As documented in the section Content Attacks, inputs to a program can be used to take control of a target machine through the creation of a buffer overflow condition. ActiveX controls, if written in a susceptible language, can also be the target of buffer overflow attacks. In addition, when the control's inputs provide for the specification of a file name or a registry key, this information could be used by a malicious Web site operator to access files or areas of the system registry through client-side HTML and scripting. Consider the following vulnerabilities and privacy violations for any of the site's ActiveX controls.

  • Buffer overflows: The length of any user input data should be restricted to avoid possible buffer overflow conditions, as buffer overflows can be used to execute malicious code on the client computer. See the section Buffer Overflows for more information.

  • File access: Controls should not be written to accept file names as parameter values within OBJECT tags or function parameters. The file name parameter could be abused by a malicious Web site operator and changed to point to a system or other private file on the user's computer.

  • Storing private information: Using an ActiveX control in order to store private user information on the client's computer may seem harmless but can potentially expose user information to an intruder, especially when the control provides a means to retrieve that data. As any site can access the control and call its methods, other sites may be able to retrieve the data without the user's knowledge. In addition, if the data is stored in an unencrypted form, intruders who manage to gain access to the client's computer through other means may locate the information by browsing disk files or the registry.

Cookies

Web systems can store small pieces of data on the client computer through cookies. Cookies, supported by most mainstream browsers, are stored in one or more files on the client computer's hard disk. After a Web system forwards the cookie for placement on the user's computer, the cookie value is automatically forwarded back to the Web server in an HTTP message header each time the client computer requests a page from the particular Web site. A typical example of cookie usage is the shopping cart, whereby the item IDs and quantities are stored in a cookie on the user's machine.
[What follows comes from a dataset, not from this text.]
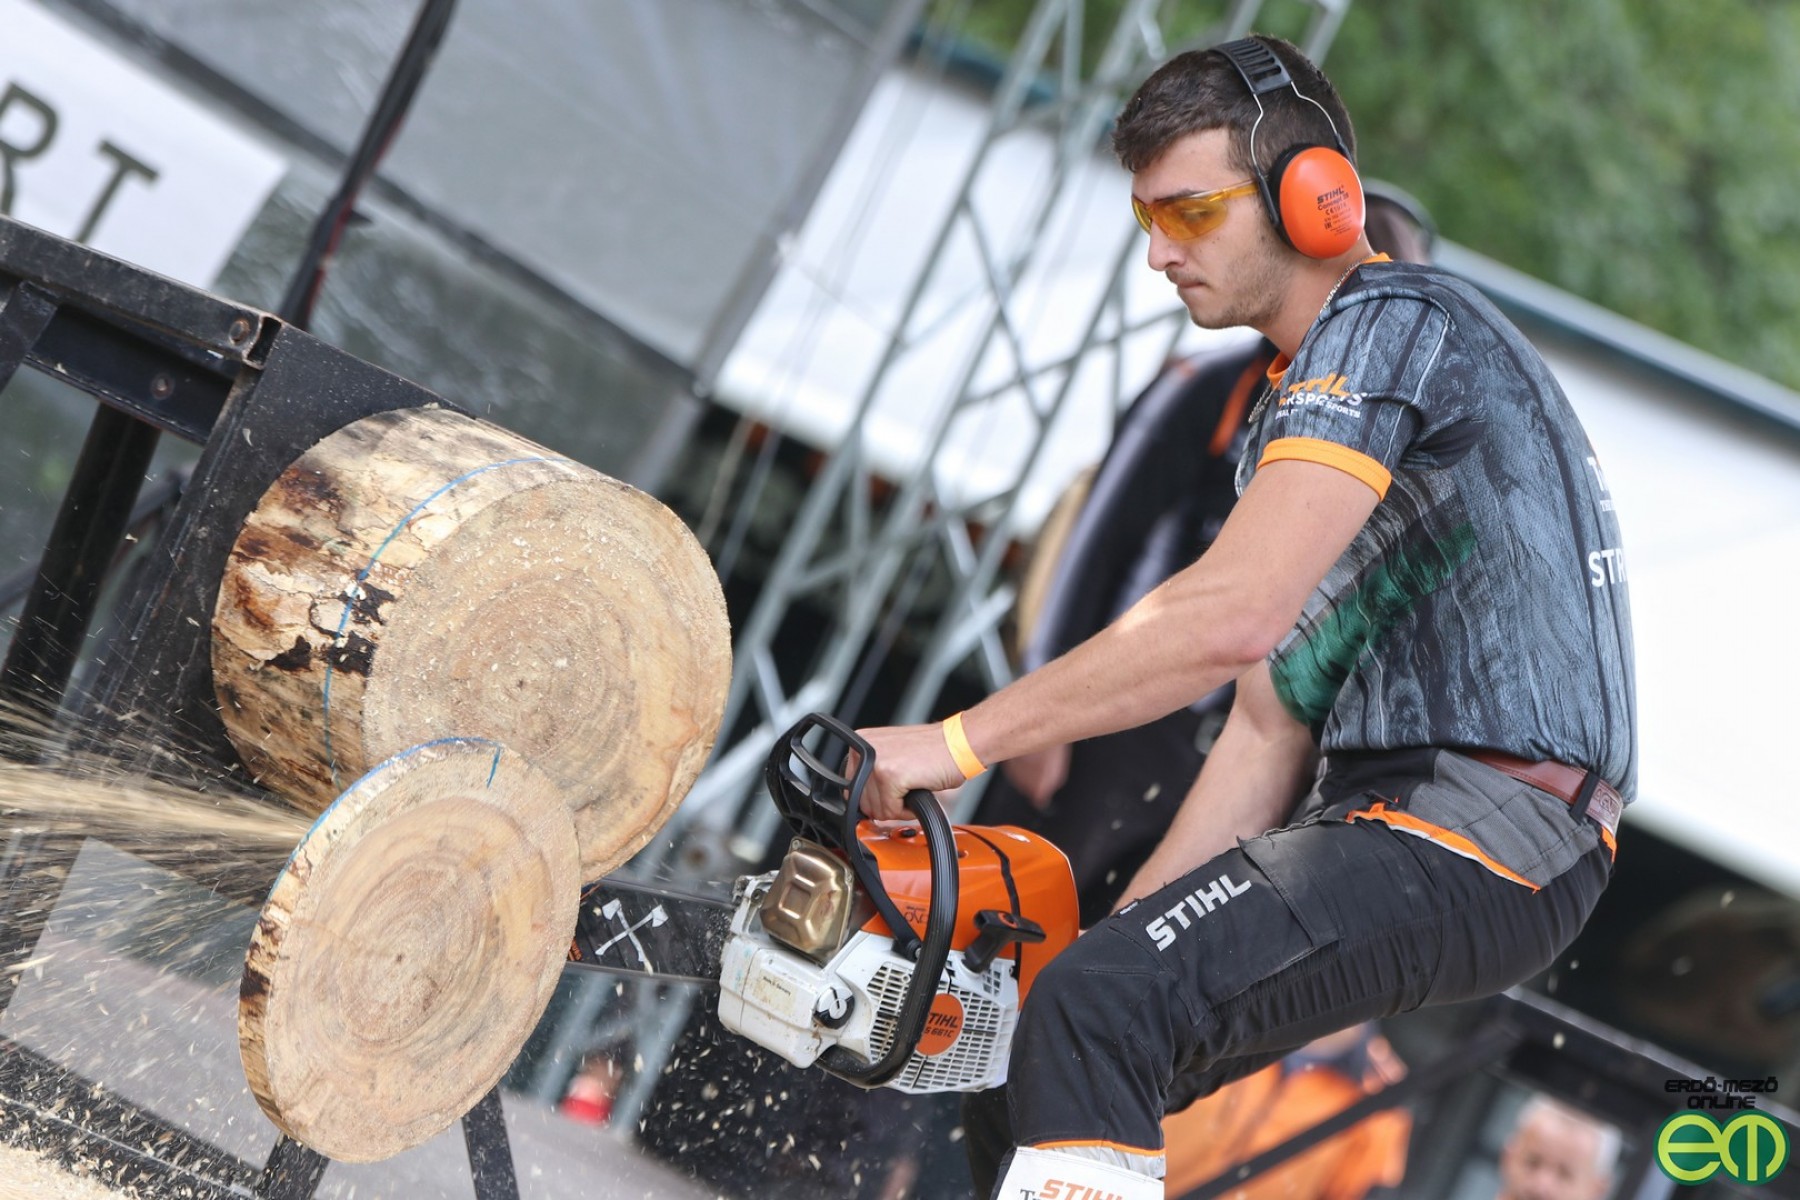 Strúbel Bence sérülés miatt kihagyja a VB-kvalifikációs versenyt - STIHL Timbersports

Cookies are stored in plaintext files on the user's computer. This means that anyone who has access, authorized or not, to the files on the user's computer can read their contents. This is a problem when a Web server is saving data on the user's computer as a cookie and it contains sensitive information, such as the user's credit card information. An intruder who manages to gain access to a user's file system through a browser flaw, insecure ActiveX or Java control, or a Trojan horse, may be able to access cookie information without the knowledge of the user.

If it is necessary for the Web system to store sensitive information in a cookie on the user's local machine, the data placed in the cookie should be encrypted, using the techniques described in the section Data Encryption. Any Web system components that wish to store sensitive data in a cookie will encrypt it prior to issuing the set cookie command. Later, when it needs to use the cookie information, a component must first decrypt the data.